DNA From 11,000-Year-Old Alaskan Child Skeleton Rewrites History of Humans in America

beringia
A scientific illustration of the Upward Sun River camp in what is now Interior Alaska. Illustration by Eric S. Carlson in collaboration with Ben A. Potter

In a landmark discovery at an archaeological site in Alaska, researchers have uncovered the first direct genetic evidence of the earliest Native Americans. It not only reveals a previously unrecorded indigenous population, but indicates that humans crossed the Beringia land bridge to reach the North American continent in a single, unified migratory wave from Siberia—a major contribution to the ongoing dialogue about how the first Native Americans got here.

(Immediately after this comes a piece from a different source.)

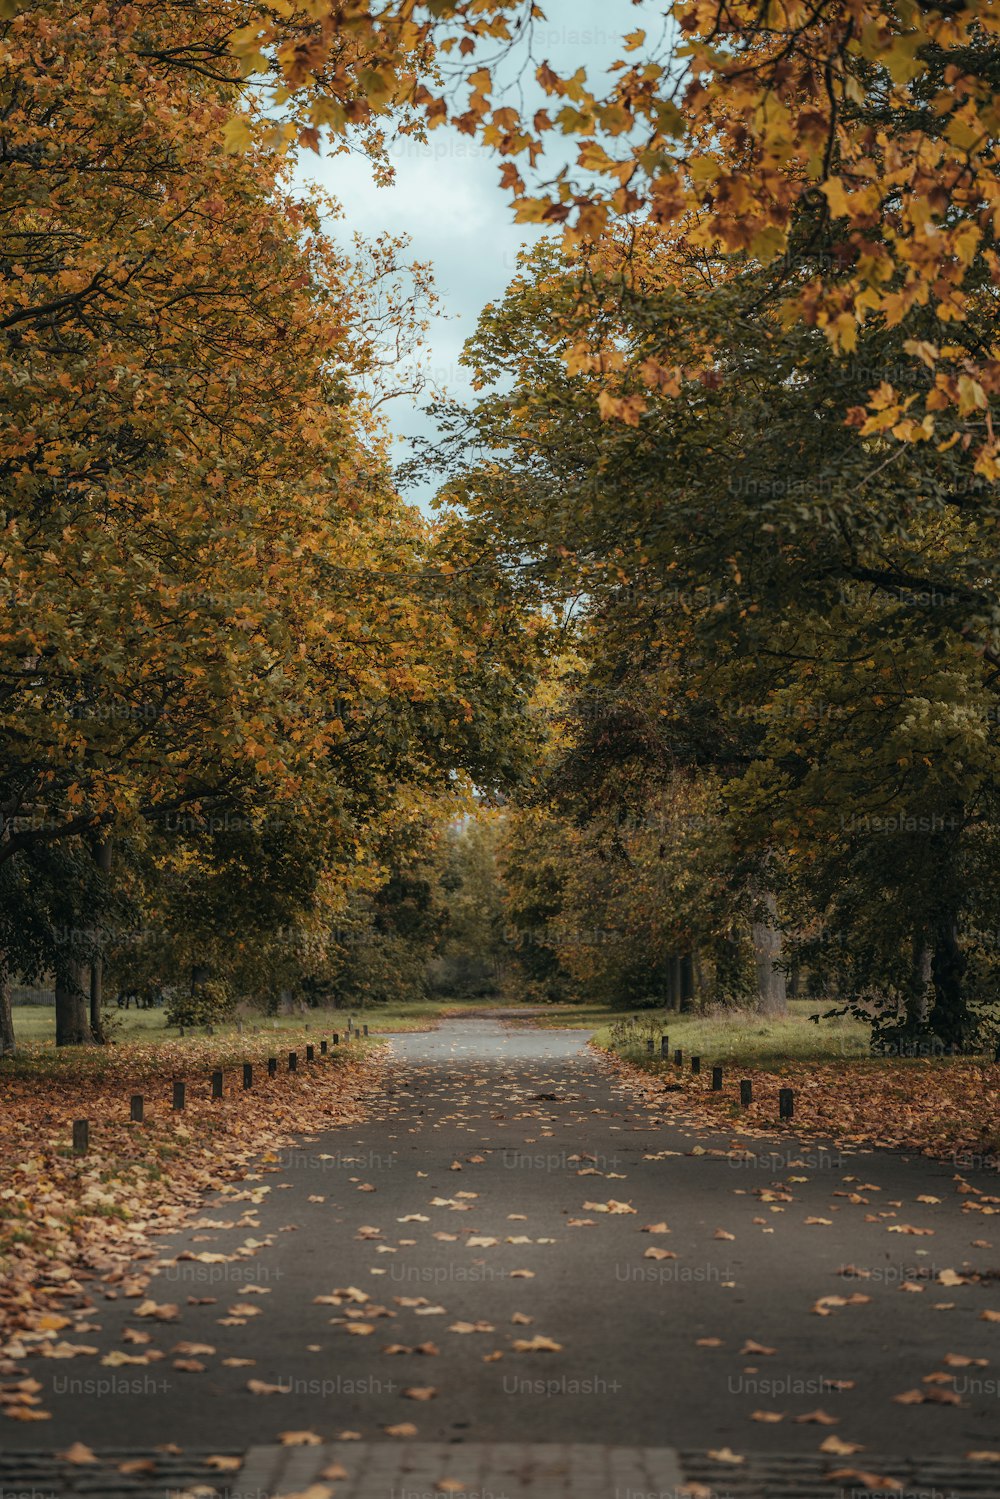 Une route bordée d’arbres avec beaucoup de feuilles au sol

An international team led by scientists from the University of Cambridge and the University of Copenhagen successfully sequenced the genome of a six-week-old infant girl discovered at the Upward Sun River site in Alaska. The local Native American community named her Xach'itee'aanenh t'eede gay—Sunrise Child-girl.

The researchers discovered that she'd lived around 11,500 years ago, but that her genetic code matched neither of the two native populations known to exist during that time. The remains represent the second-oldest human genome ever discovered in North America, according to The New York Times. A paper describing the research was published in the journal Nature.

"We termed this population 'Ancient Beringians' and it seems that they represent an offshoot from the Native American population that diverged before the North and South Native Americans did," co-lead author J. Victor Moreno-Mayar, from the University of Copenhagen's Natural History Museum of Denmark, explained to Newsweek over email. "It was only by having access to this population that we were able to learn so much about the early Native American population."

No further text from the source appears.